_Aim of the exercise_
The entire listing below is to be written out exactly, minus the pictures.

_Recorded information_
+ + +

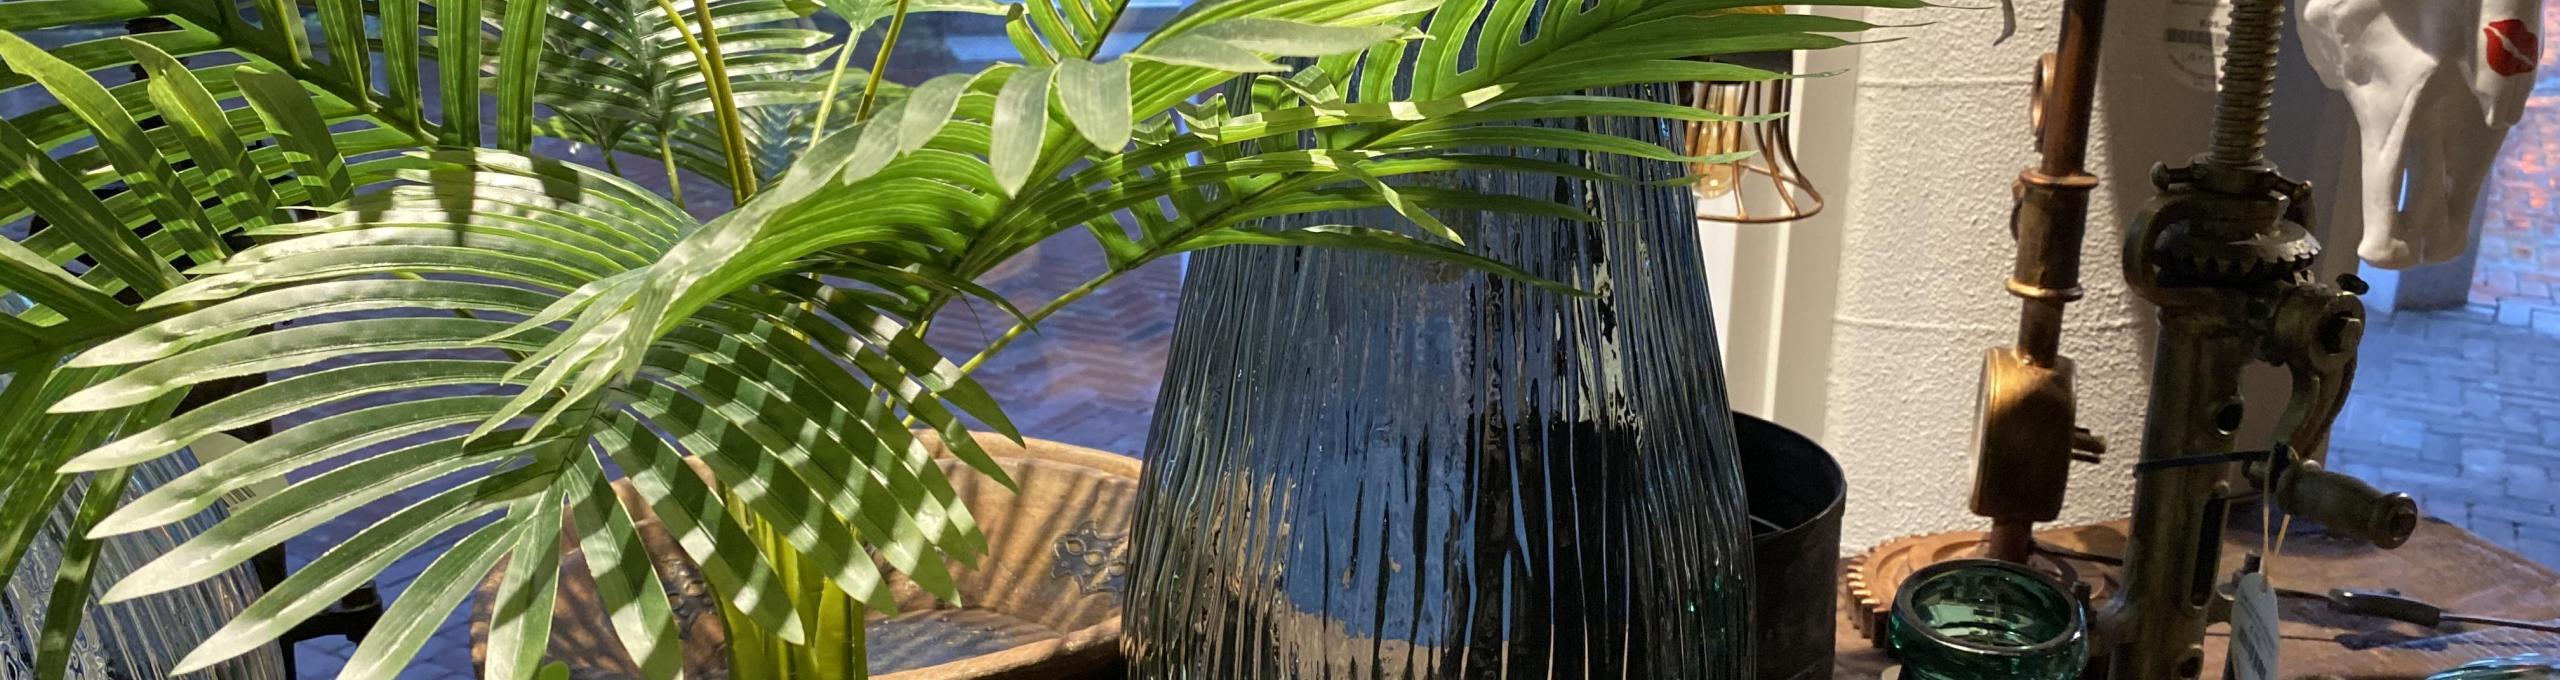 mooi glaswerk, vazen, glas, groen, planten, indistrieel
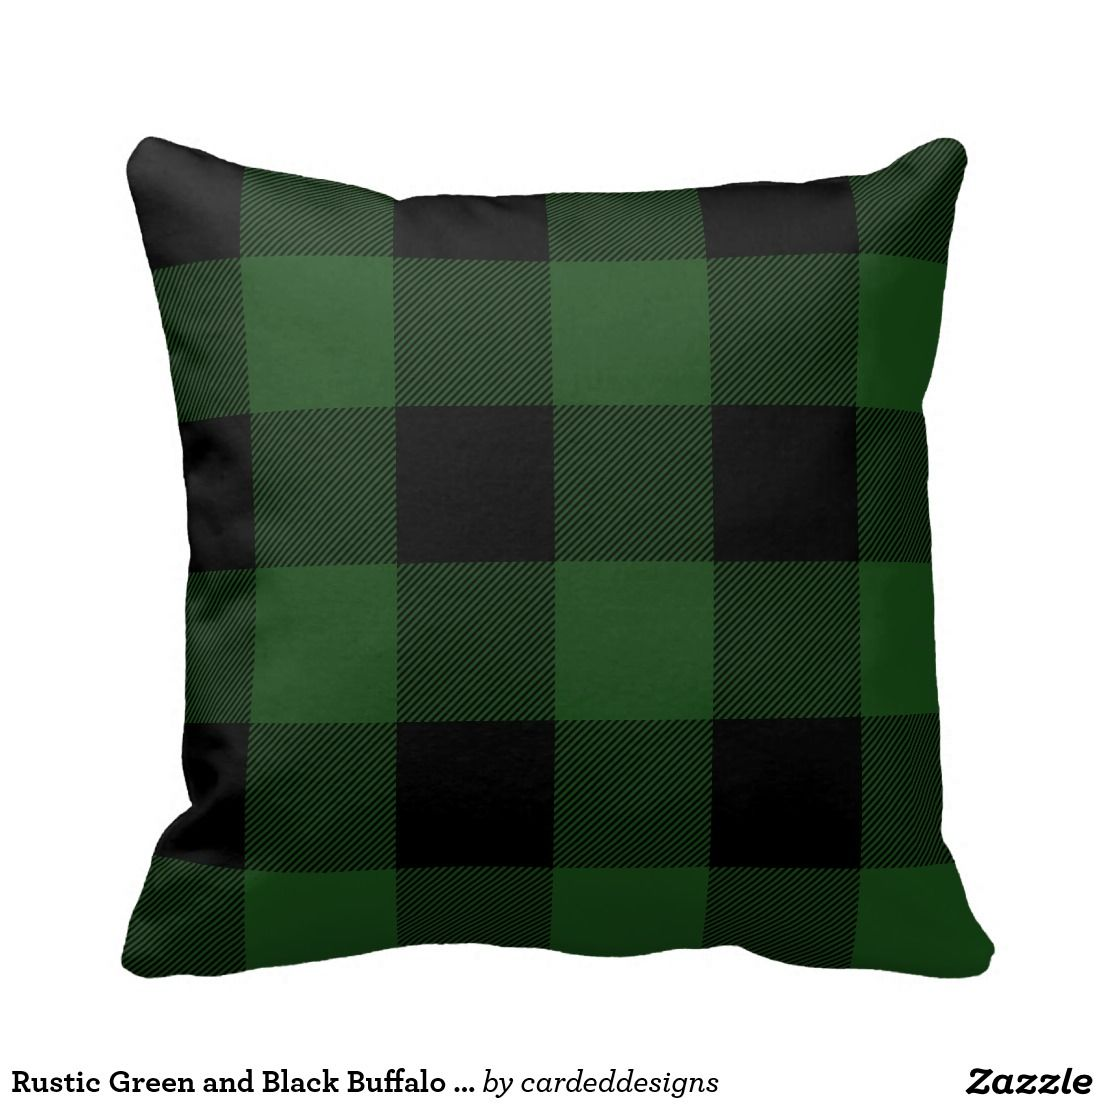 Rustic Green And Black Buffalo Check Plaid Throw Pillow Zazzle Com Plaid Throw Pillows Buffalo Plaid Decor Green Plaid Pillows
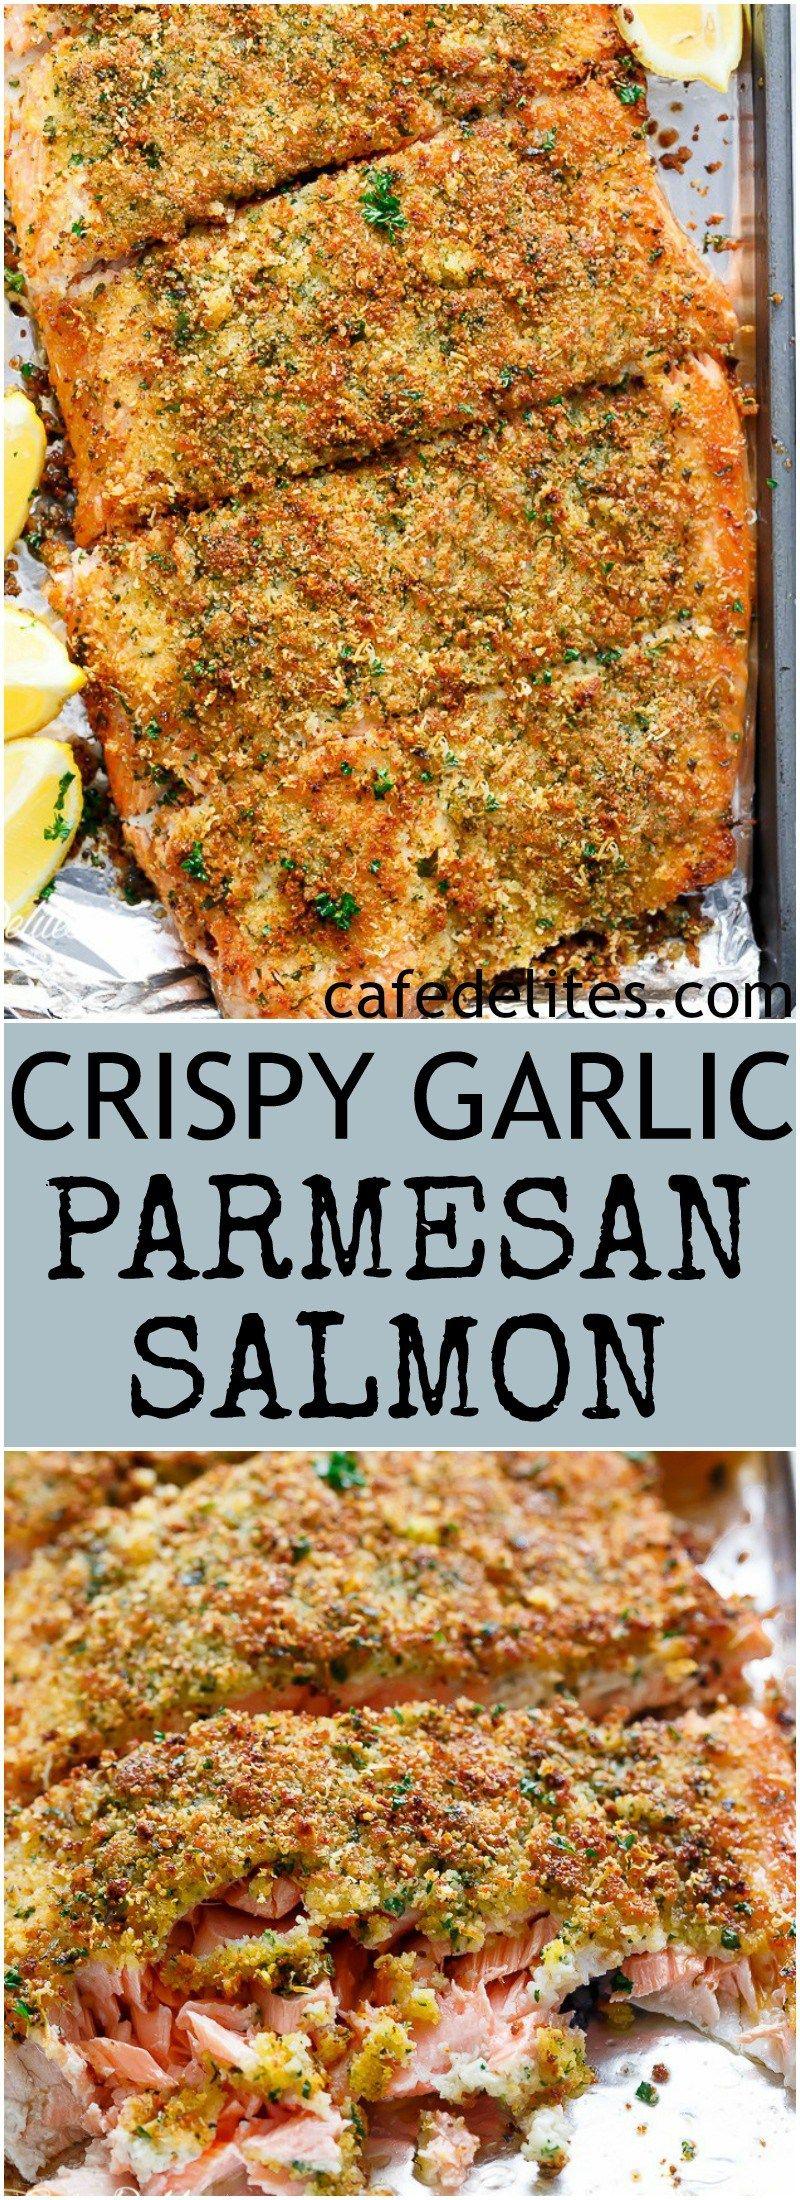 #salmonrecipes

+ + +

_Completed task_
 mooi glaswerk, vazen, glas, groen, planten, indistrieel
 Rustic Green And Black Buffalo Check Plaid Throw Pillow Zazzle Com Plaid Throw Pillows Buffalo Plaid Decor Green Plaid Pillows
 #salmonrecipes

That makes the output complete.